𝑃𝑘𝑗 = (1 − 𝑟𝑗)𝑐𝑘 + 𝑟𝑗(𝑐𝑘𝑗 + 𝑞𝑘𝑗 − 𝑝𝑘𝑗)

where Pkj is the proportion of students at the school or college allocated a particular grade in a particular subject, ckj is the historical proportion of the school or college's students that got that grade in that subject, rj is the proportion of students at the school or college for which there exists "prior attainment" data (GCSEs for A/AS levels, KS2 SATs for GCSEs), and qkj - pkj adjusts the grades awarded to those students by the difference between their cohort's "prior attainment" and that of the 2019 cohort. The tech spec helpfully annotates the equation to this effect:

This equation will result in unfair outcomes in two dimensions.

1. Historical performance cap

If a high proportion of students in a school or college lack "prior attainment" data in the subject under consideration, the performance of past students of that school or college will determine their grades. The predicted performance of their own cohort will make little or no difference. In the tech spec, this effect is described thus:

From this is can be easily seen that, in a situation where a centre has no prior attainment matched students, the centre-level prediction is defined entirely by the historical centre outcome since 𝑟𝑗 = 0 leading to the second term collapsing to zero resulting in

{𝑃𝑗 } = {𝑐𝑗 }

As one mother ruefully commented on Twitter, it seemed grossly unfair that the results of her clever, hard-working younger child would be determined by the awful results achieved by her lazy, "head-in-the-clouds" older one. Of course, this algorithm doesn't operate at an individual level like that. But in aggregate, that is its effect.

Furthermore, even when there is "prior attainment" data, the algorithm's primary reliance on historical data prevents students in the 2020 cohort from achieving grades in that subject higher than those achieved by previous cohorts in that school or college. So if the highest grade anyone ever got in biology at your school was B, that's all you could get - even if your school predicted an A* and you had a place waiting for you at Cambridge. There were stories after stories of kids at historically poorly-performing schools being awarded lower than expected grades because their predicted grade was higher than anyone had ever achieved at the school, and losing prized university places because of it. But these downgrades were not accidental. They were not a "bug" in the algorithm. They were designed into it.

2. "Prior attainment" distortions

The algothim also created unfairness for students at schools that lacked historical data in their subjects, for example if they had not offered those subjects before, or had switched exam board or syllabus. In this case, the cjk term in the equation collapsed to zero, reducing the equation to

𝑃𝑘𝑗 = 𝑟𝑗(𝑞𝑘𝑗 − 𝑝𝑘𝑗)

The students' grades were entirely determined by the predicted performance of the 2020 cohort based on their GCSE results compared to those of the 2019 cohort. Why is this unfair? Because qkj - pkj was the predicted value-added performance for the whole country, not for the individual school or college. So where a school or college generally delivered higher grades than the national average across all subjects - as might be expected in selective schools, whether in the state or independent sector - students in subjects where the school or college lacked historical data were awarded grades which were far lower than might be expected, given the school's performance in other subjects.

This actually happened at, of all places, Eton College. Here's what the Headmaster had to say about it, in a letter to parents:

However, regrettably a number of our candidates saw their CAGs downgraded - sometimes by more than one grade and in a way in which on many occasions we feel is manifestly unfair. One particularly extreme example related to a subject in which this was the first year Eton had followed that particular syllabus and so there was no direct historic data. Rather than accept our CAGs and/or consider alternative historic data in the previous syllabus we had been following (from the same examination board), the board chose instead to take the global spread of results for 2019 and apply that to our cohort. This failed to take any account of the fact that Eton is an academically selective school with a much narrower ability range than the global spread. The results awarded to many boys in this subject bore no relation at all to their CAGs or to their ability. Several lost university places as a result.
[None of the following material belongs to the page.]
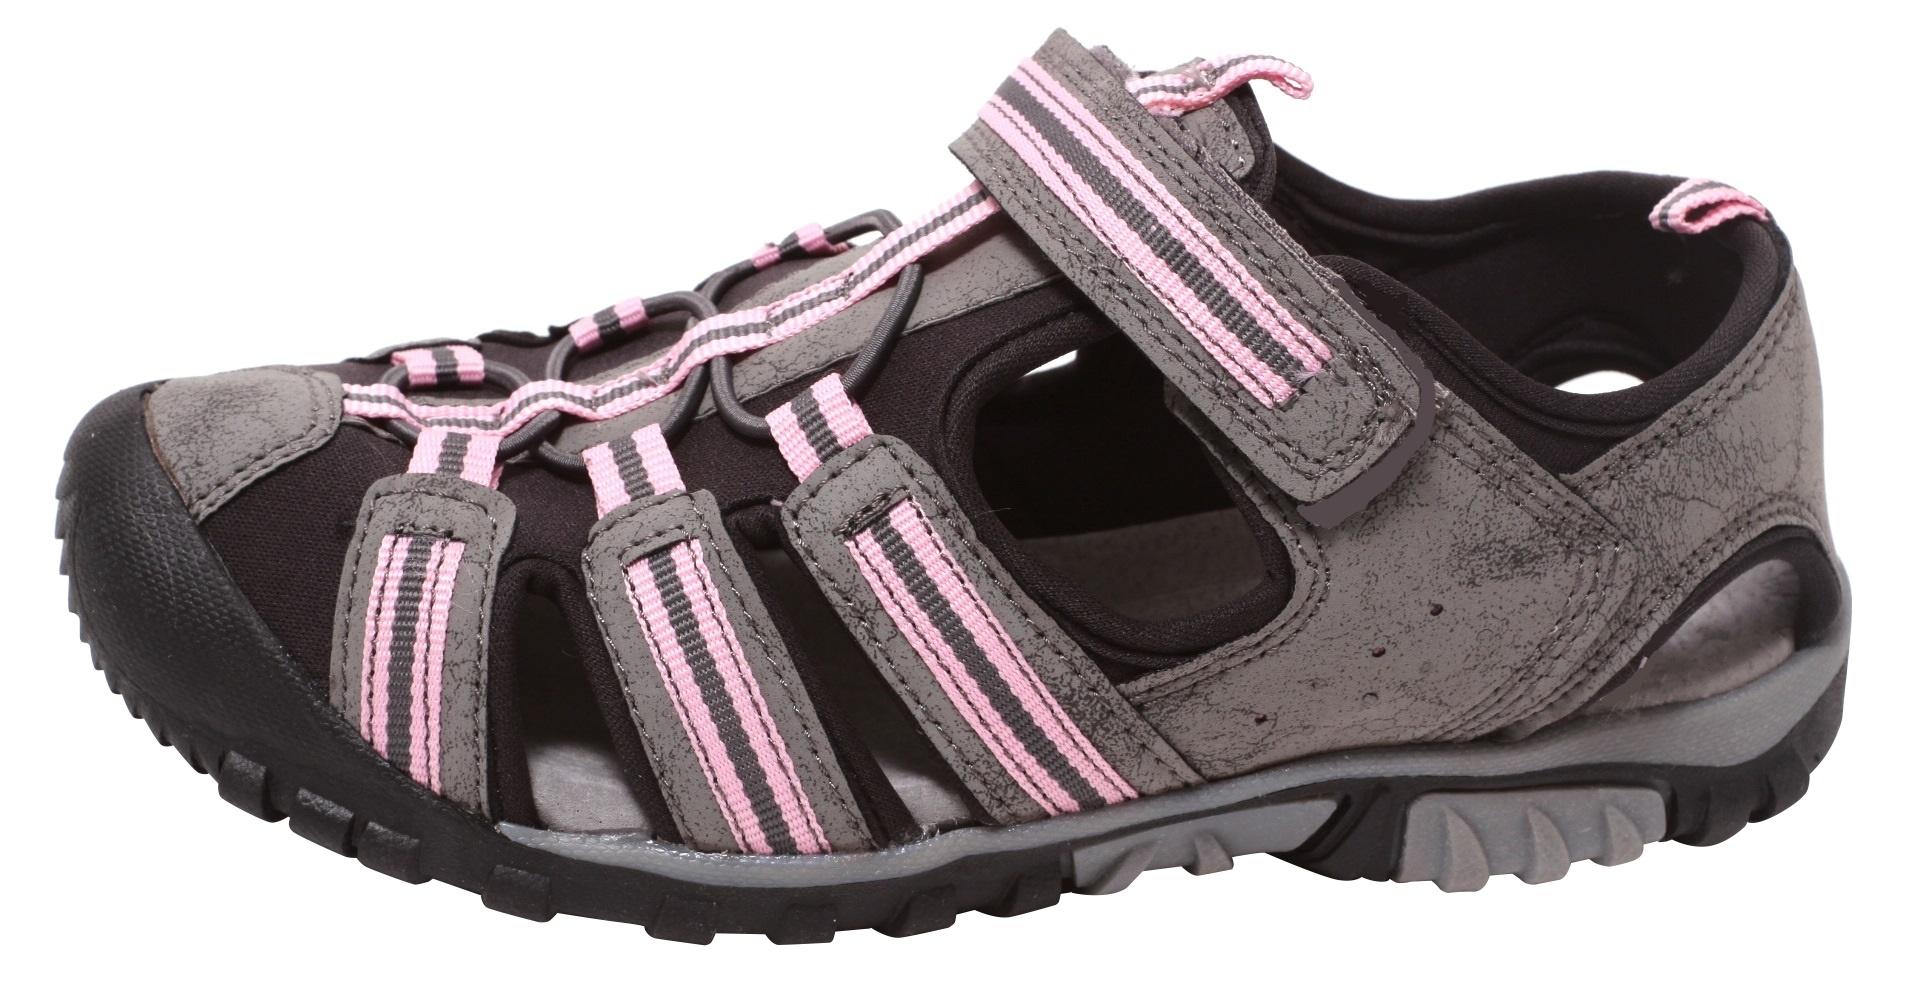 Trekking Gr 34 Mädchen 29 Outdoor Sandale Sommersandale Details Schuhe Rosa Zu Kinder Sport xroedCB

But the algorithm didn't just award unreasonably low grades to students at high-performing schools which lacked historical data. It also generated spuriously low grades for high-performing schools which did have historical data. There were numerous reports of students being awarded "U" grades at schools where there had never previously been a "U" grade. How did this happen?
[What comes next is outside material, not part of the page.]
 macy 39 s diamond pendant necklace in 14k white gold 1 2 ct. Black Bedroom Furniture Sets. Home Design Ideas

To understand this, it's necessary to dig a little deeper into how that "prior attainment" adjustment worked. George Constantinides explains how, for A-level students, a slightly lower GCSE profile than in previous years could generate anomalously bad results:

Imagine that Centre A has a historical transition matrix looking like this - all of its 200 students have walked away with A*s in this subject in recent years, whether they were in the first or second GCSE decile (and half were in each). Well done Centre A!

Meanwhile, let's say the national transition matrix looks more like this:

Let's now look at 2020 outcomes. Assume that this year, Centre A has an unusual cohort: all students were second decile in prior attainment. It seems natural to expect that it would still get mainly A*s, consistent with its prior performance, but this is not the outcome of the model. Instead, its historical distribution of 100% A*s is adjusted downwards because of the national transition matrix. The proportion of A*s at Centre A will be reduced by 40% - now only 60% of them will get A*s! This happens because the national transition matrix expects a 50/50 split of Decile 1 and Decile 2 students to end up with 50% A* and a Decile 2-only cohort to end up with 10% A*, resulting in a downgrade of 40%.

George's example is, of course, highly simplified. But in this lovely interactive visualisation, Tom SF Haines shows how, under the same circumstances, some poor beggar at a high-performing school could end up with a "U" grade even if they were predicted an A. Here's his scenario:

Imagine a truly spectacular school - half the students get A* and less than 1% of students get a C. It does this despite getting entirely normal students, and this year they are very slightly worse: Just a quarter of a grade less than normal based on GCSE results. That could be nothing more than road works outside on exam day.

Here's the historical grade distribution for his "brilliant" school:

This is not an uncommon distribution for a high value-added school such as a specialist STEM college.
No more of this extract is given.